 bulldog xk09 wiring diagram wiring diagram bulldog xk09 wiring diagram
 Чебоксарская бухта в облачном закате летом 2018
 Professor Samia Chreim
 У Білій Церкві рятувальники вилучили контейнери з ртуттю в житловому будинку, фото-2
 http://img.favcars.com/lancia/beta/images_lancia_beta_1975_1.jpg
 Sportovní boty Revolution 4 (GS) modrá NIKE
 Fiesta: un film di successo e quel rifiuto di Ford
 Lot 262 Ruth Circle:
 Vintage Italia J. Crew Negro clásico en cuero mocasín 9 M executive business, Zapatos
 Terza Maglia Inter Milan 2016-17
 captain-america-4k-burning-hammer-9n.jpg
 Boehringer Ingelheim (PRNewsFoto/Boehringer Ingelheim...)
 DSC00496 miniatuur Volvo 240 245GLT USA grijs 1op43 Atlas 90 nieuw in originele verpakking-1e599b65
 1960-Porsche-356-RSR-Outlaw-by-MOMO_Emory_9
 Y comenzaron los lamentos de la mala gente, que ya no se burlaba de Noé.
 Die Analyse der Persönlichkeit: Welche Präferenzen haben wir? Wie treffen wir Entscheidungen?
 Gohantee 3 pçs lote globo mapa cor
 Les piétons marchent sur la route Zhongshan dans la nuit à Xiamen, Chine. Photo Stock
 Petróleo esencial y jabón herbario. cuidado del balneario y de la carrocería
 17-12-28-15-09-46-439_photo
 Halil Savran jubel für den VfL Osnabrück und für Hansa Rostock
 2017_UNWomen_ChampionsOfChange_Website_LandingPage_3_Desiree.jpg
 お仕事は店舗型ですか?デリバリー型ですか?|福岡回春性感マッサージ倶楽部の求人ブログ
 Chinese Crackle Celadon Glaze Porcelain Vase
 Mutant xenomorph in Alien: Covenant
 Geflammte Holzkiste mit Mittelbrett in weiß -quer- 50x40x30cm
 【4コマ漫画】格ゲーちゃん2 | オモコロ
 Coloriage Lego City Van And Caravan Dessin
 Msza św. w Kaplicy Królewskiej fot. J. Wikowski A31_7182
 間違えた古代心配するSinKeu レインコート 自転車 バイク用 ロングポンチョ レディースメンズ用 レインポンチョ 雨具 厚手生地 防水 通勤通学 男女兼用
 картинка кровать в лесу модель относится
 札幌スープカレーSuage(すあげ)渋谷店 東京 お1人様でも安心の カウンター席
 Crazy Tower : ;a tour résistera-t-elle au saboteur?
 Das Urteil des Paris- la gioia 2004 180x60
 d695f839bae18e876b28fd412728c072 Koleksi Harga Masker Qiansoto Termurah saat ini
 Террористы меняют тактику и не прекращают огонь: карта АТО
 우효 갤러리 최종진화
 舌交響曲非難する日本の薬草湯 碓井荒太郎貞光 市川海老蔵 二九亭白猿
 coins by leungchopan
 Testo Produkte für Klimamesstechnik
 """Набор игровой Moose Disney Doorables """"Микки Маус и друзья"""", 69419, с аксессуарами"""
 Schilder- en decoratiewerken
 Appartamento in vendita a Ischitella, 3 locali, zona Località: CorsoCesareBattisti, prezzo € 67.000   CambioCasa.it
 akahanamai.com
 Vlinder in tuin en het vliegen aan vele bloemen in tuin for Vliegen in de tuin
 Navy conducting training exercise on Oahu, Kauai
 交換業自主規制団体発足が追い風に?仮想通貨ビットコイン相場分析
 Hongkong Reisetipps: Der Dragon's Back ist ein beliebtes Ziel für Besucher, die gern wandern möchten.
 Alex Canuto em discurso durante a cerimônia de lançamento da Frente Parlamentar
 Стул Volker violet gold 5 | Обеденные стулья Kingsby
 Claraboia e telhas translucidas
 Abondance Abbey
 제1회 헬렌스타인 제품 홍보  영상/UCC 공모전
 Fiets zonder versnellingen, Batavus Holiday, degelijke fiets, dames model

========================================================================

▸ **BRIEF**
Using the entries above, give again each line from the one containing "제1회 헬렌스타인 제품" through the last line, exactly and only those.

▸ **RESPONSE TO THE EXERCISE**
 제1회 헬렌스타인 제품 홍보  영상/UCC 공모전
 Fiets zonder versnellingen, Batavus Holiday, degelijke fiets, dames model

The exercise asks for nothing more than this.